Step inside the Group Partner Lounge to hear Y Combinator Group Partners Harj Taggar, Michael Seibel and Brad Flora discuss the pros and cons of startups selling software to other startups. Or is there a better approach out there?

Transcript

Speaker 0:

I just wanna turn my startup into like a real time strategy game, where I can sit at my computer and click on things and watch numbers go up. If I can do that and just sit on the couch and have people bring me food and I click things, we're in good shape.

Speaker 1:

Hello. This is Michael with Harge and Brad. Welcome to inside the group partner lounge.

Speaker 0:

As Y companies are group partners, we find ourselves often repeating the same advice over and over again during our office hours with the startups we work with. For COVID, we'd often gather together in the group partner lounge, the YC office, to try to figure out why this was the case and how we could help startups figure it out faster.

And today, we're gonna talk about when is it a good idea to sell software to startups.

Speaker 2:

Har, do you wanna set this one up? Yeah. So, you know, I think especially amongst y c companies, selling to other startups has been a formula for success. So some of our top companies, like Stripe started out being just a payments processor company for other YC startups for a long time. PagerDuty, one of the first YC companies to go public. Like, all of their early customers were other startups.

And even when you read their s one filing when they went public, they were still referencing lots of those startup customers years later. So it's clearly something that can work really, really well. I think the interesting thing, though, is.

Speaker 1:

when it doesn't work. Right? Like, when when founders are are kind of maybe cargo culting, not understanding why these folks do this. What what do think about that, Brad?

Speaker 0:

Yeah. So people have seen that those companies, started off selling to startups and assume that they should do the same thing too. But it's not always the best move for them. And there's a whole lot of reasons why companies think that they should be doing it, and it's not the best move for them.

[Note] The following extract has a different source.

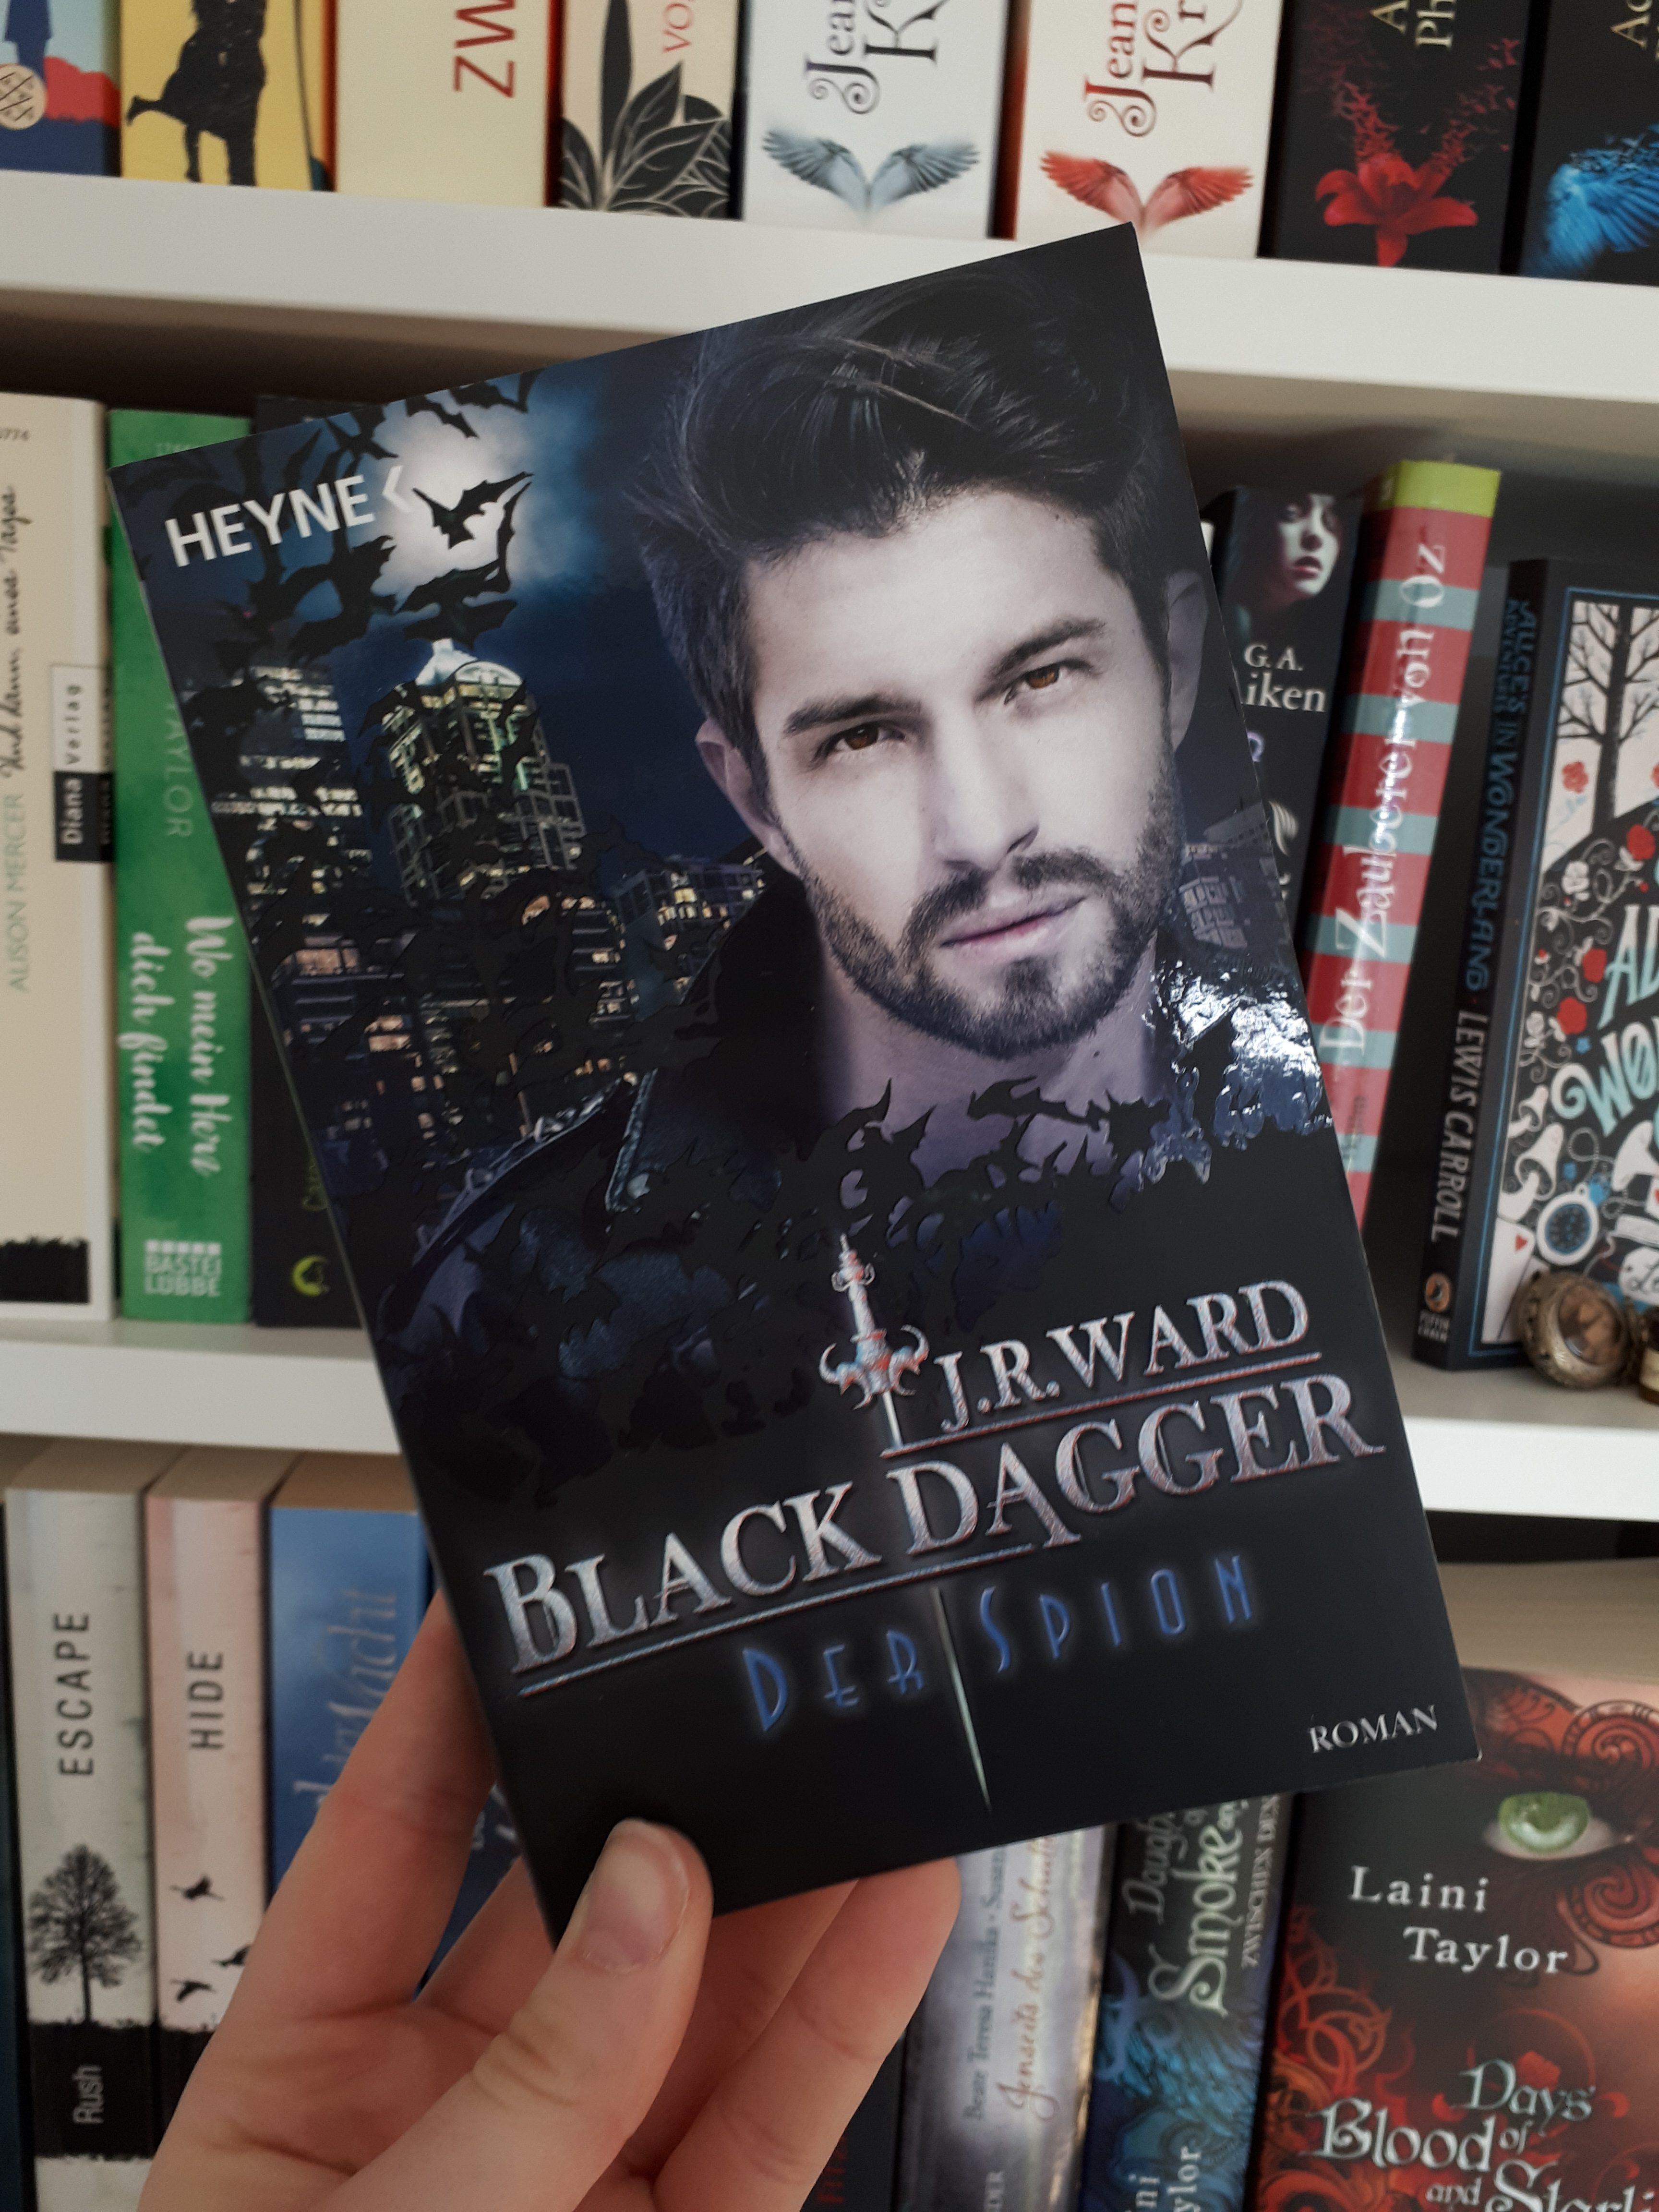 [Werbung] Black Dagger: Der Spion – J.R.Ward

I think the the first one that I see all the time, and, Michael, we've worked with some companies together that did this, where their product naturally should be sold to bigger companies. Those are the only people that want them, that want it. But the sales cycle seems really long.

And so they're worried that if they just try going after those big companies, they won't get any traction and the company will never take off. And so therefore, they should try selling this very enterprise y product to start ups. This one is so painful because,.

Speaker 1:

you know, we will see a founder who worked in some large company for three, four years, who saw a problem in that large company, who has a ton of insights on how to solve that problem for a large company, it's a problem that tiny companies don't have at all. One of the core reasons why we funded them was because they have this experience and they understand large companies so well.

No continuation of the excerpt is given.